### [Prompt]
From the data below, return the exact lines starting at the line containing "Forsythia Time, Oil" and ending at the line containing "Honda Civic Type R Concept and HD Image", both included, and nothing else.
[[ Supplied entries open ]]
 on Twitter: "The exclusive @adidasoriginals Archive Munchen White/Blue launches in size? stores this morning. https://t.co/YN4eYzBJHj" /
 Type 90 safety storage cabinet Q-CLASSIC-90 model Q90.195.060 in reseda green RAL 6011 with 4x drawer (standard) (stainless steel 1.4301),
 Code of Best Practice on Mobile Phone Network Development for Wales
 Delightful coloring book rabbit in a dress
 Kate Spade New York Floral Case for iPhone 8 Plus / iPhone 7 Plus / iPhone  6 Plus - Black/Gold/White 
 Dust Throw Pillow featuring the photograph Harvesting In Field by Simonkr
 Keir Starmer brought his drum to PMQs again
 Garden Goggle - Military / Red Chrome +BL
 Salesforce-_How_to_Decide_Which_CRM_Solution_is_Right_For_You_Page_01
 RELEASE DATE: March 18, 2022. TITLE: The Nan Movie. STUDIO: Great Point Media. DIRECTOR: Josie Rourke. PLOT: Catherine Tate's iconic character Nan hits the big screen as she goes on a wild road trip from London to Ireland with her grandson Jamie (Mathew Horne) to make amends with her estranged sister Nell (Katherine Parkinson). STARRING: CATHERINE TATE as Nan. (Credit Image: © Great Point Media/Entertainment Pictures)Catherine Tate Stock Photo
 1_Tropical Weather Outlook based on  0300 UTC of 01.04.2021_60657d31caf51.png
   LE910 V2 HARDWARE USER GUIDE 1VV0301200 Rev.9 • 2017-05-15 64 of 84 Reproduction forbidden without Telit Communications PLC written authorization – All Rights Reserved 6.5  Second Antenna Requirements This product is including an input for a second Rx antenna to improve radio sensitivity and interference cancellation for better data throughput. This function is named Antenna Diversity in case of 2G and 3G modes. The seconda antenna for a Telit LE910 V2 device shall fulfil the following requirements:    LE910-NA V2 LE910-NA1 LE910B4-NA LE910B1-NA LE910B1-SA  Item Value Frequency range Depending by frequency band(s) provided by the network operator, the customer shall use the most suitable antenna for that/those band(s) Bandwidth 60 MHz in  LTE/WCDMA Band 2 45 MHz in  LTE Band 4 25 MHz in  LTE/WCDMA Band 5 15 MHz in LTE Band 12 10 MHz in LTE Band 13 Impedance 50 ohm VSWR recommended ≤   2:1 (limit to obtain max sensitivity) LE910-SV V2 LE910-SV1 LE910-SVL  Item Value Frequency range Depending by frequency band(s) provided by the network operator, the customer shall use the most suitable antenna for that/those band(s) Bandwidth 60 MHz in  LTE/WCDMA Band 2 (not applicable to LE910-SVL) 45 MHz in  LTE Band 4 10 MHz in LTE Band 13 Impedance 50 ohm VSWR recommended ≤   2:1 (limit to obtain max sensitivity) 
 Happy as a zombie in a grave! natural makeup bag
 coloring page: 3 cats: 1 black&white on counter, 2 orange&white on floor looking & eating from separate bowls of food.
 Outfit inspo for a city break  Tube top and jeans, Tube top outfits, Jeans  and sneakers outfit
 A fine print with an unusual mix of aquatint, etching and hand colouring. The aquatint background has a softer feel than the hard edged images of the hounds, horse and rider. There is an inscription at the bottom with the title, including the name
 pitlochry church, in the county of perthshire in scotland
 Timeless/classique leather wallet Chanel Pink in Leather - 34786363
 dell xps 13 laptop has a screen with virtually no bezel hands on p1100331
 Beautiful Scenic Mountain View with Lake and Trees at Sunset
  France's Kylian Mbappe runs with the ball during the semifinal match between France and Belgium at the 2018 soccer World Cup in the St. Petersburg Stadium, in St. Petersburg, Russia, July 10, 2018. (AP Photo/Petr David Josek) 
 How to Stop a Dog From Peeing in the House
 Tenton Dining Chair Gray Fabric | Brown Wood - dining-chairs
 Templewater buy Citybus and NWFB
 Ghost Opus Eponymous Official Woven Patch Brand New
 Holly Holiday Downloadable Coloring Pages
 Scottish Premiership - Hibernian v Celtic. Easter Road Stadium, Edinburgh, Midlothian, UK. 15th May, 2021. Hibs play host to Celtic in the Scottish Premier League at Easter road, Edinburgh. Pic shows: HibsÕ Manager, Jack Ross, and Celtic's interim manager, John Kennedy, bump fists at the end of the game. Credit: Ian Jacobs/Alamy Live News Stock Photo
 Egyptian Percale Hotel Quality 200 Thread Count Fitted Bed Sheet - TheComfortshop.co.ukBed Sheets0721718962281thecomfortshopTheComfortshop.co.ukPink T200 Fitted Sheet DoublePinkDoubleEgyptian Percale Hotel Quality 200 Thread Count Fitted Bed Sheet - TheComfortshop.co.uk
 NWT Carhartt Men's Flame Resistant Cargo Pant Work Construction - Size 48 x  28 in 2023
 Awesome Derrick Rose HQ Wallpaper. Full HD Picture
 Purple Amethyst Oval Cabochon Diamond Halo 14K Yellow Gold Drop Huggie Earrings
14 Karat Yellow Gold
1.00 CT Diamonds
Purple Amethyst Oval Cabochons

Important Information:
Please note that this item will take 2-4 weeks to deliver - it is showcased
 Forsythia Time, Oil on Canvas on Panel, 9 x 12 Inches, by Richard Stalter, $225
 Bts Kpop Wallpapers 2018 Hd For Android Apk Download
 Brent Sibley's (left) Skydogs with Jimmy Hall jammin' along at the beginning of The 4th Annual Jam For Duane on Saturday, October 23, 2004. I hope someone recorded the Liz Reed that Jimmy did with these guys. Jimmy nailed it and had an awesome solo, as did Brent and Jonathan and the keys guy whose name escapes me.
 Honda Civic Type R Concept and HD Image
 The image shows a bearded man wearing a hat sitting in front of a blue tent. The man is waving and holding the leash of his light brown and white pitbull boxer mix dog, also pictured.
[[ Supplied entries closed ]]
### [Answer space]
 Forsythia Time, Oil on Canvas on Panel, 9 x 12 Inches, by Richard Stalter, $225
 Bts Kpop Wallpapers 2018 Hd For Android Apk Download
 Brent Sibley's (left) Skydogs with Jimmy Hall jammin' along at the beginning of The 4th Annual Jam For Duane on Saturday, October 23, 2004. I hope someone recorded the Liz Reed that Jimmy did with these guys. Jimmy nailed it and had an awesome solo, as did Brent and Jonathan and the keys guy whose name escapes me.
 Honda Civic Type R Concept and HD Image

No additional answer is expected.